Directions for this task
Write out, word for word and with no pictures, each line below from the one containing "MUNICH, ALLEMAGNE - le" through the one containing "UNITED『アスラーダG.S.X』新世紀GPXサイバーフォーミュラ 1/18 完成品モデル-001", both included, and no other line.

Data records
-- Opening Marker --

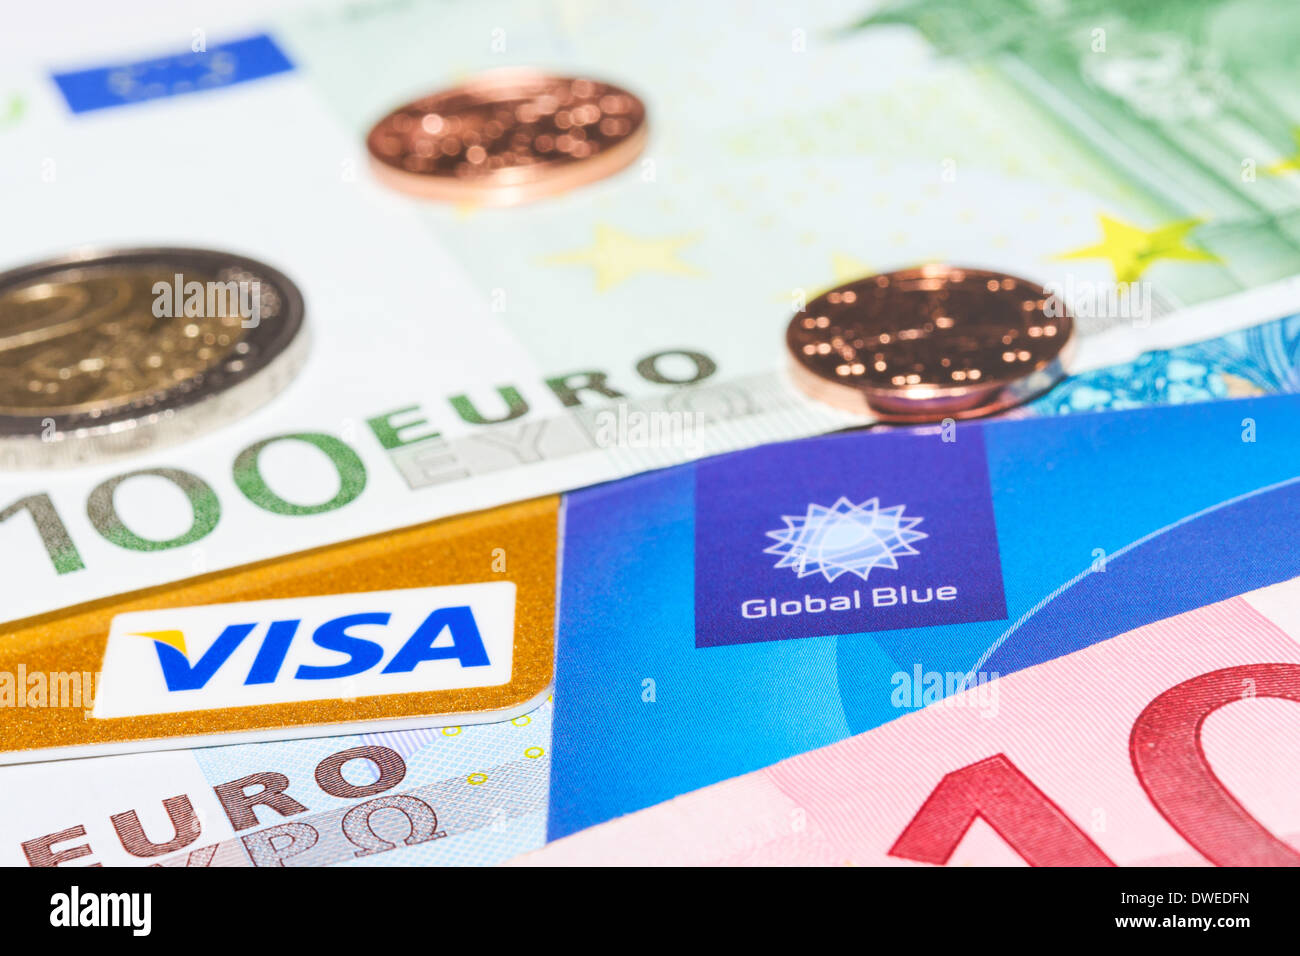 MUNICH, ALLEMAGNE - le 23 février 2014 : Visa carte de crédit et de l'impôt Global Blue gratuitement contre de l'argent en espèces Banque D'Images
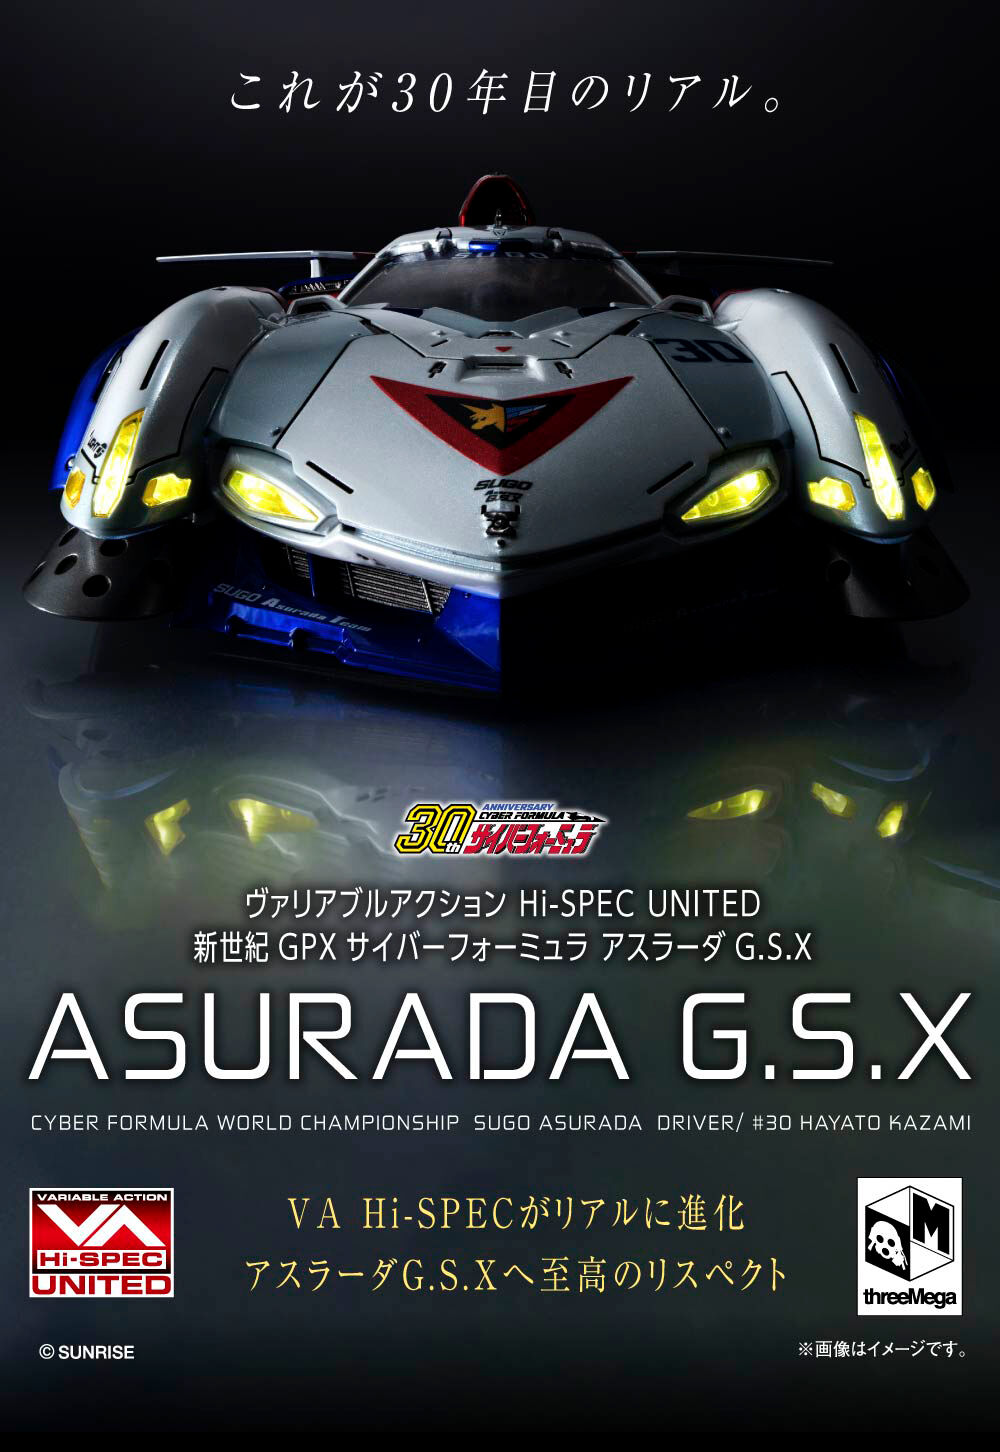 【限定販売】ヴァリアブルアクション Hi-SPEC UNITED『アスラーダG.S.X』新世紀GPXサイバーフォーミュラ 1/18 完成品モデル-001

-- Closing Marker --
-- Opening Marker --

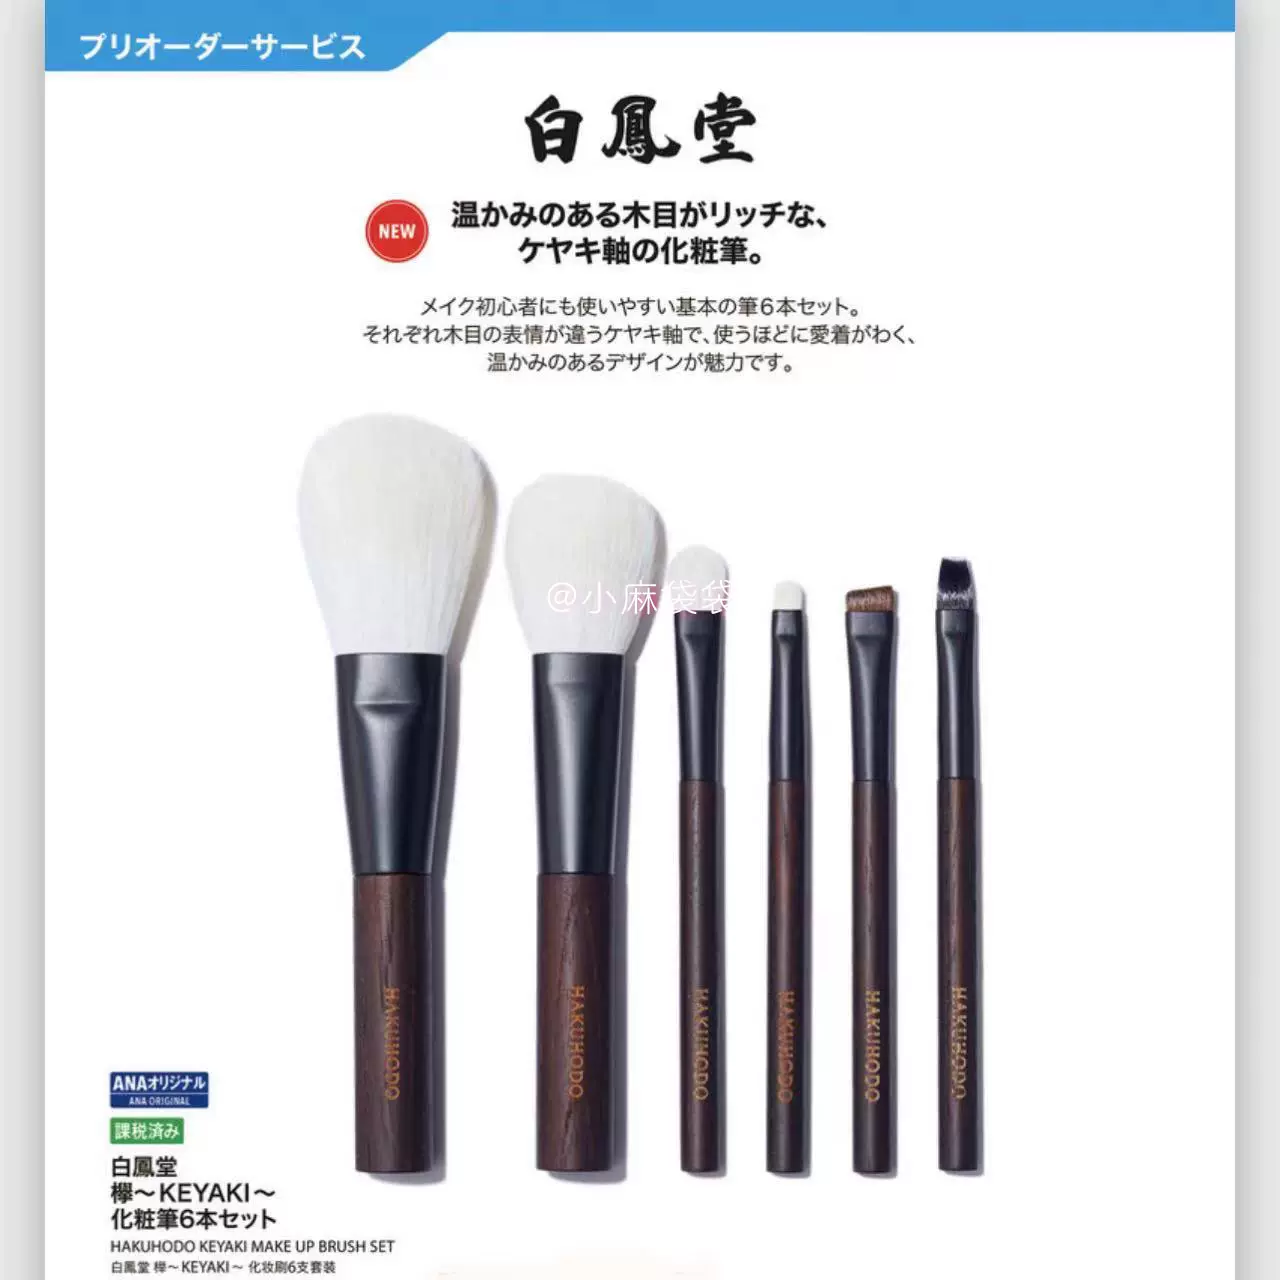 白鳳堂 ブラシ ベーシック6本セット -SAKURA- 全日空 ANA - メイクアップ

-- Closing Marker --

Result of the task
 MUNICH, ALLEMAGNE - le 23 février 2014 : Visa carte de crédit et de l'impôt Global Blue gratuitement contre de l'argent en espèces Banque D'Images
 【限定販売】ヴァリアブルアクション Hi-SPEC UNITED『アスラーダG.S.X』新世紀GPXサイバーフォーミュラ 1/18 完成品モデル-001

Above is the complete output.